One issue present with the predictions of all the three methods is that the segmentation is either very good or almost fully wrong. In other words, there is a high amount of variation in the results, as can be also seen in the IQRs of the Dice scores. This issue could be likely solved if there would be more data available to improve the training of the models, which would improve the medians of the Dice scores obtained. The methods studied here could be also potentially improved by using images with higher resolution than \(64\times 64\) pixels, and it could also be examined what happens if the pixel values of the PET slices are not scaled onto the interval [0, 1] or the slices are converted to colored images instead of using grayscale data. Adding anatomic information from multiparametric imaging could also improve results further. Namely, a CT/PET scan was performed for all the patients of this study, and while PET images give functional information about tissues, the CT images offer anatomical information about prostate size and location.

Another idea for the future study would be to design a CNN that can apply the threshold optimization method for three-dimensional segmentation of the prostate cancer tumor. Recently, Kostyszyn et al. (2021) obtained the Dice scores ranging 0.28–0.93 with median values of 0.81–0.84 with a three-dimensional U-Net CNN trained on PET images of 152 prostate cancer patients. Consequently, three-dimensional image segmentation gives more accurate results than two-dimensional segmentation, and our findings suggest that choosing thresholds performs better than regular image segmentation, so it would be interesting to see how well the three-dimensional version of the threshold optimization works. Furthermore, other possible topics of further research could be studying how changes in the PET image acquisition technique affect the results of segmentation.

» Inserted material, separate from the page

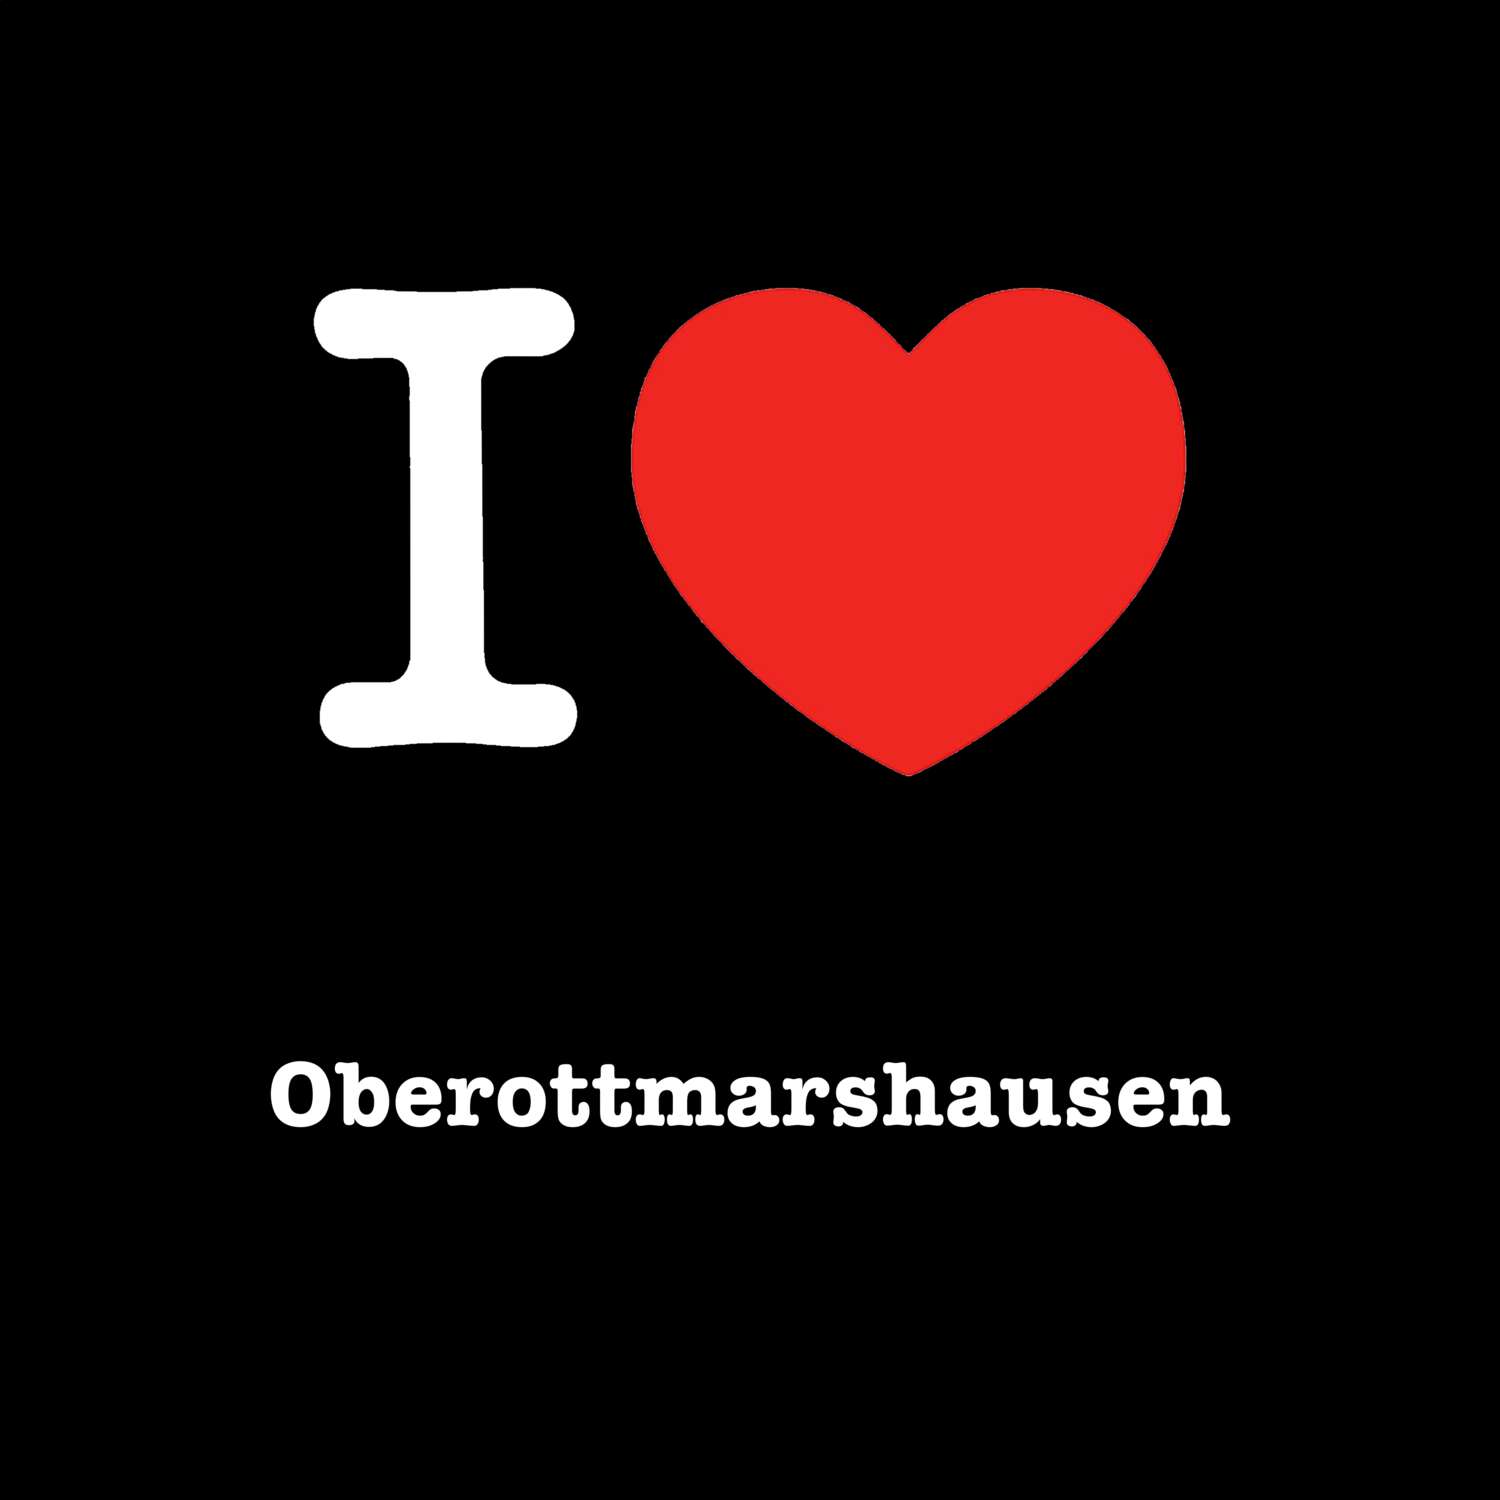 Oberottmarshausen T-Shirt »I love«

The method of choosing unique thresholds with a CNN to perform segmentation could be also applied into other topics than the PET images of prostate cancer patients. One possible issue of this method is that it also labels such ground-truth negative regions outside of the prostate as positive if their pixel values are high enough, but this problem could be fixed with an algorithm removing the false positive segmentation. Also, by choosing a few different threshold values instead of one, this method could assist in the segmentation of colored images. Given its theoretically best results had a median Dice score closer to 97% here, this method certainly has much potential.

Conclusion

Three different methods of utilizing a CNN to perform intraprostatic tumor segmentation from 2D transaxial PET slices were studied. Out of these methods, the first one was typical image segmentation, the second one was using a CNN for choosing suitable thresholds for classifying pixel values in order to convert the images directly into binary masks, and the third one was a combination of the former two methods. The second and the third methods were fully new techniques introduced here for the first time. By analyzing the Dice scores of the predicted tumor masks, it was noticed that the second method performed the best. In fact, this new method works better than the typical image segmentation in a statistically significant way and is considerably faster and more computationally efficient.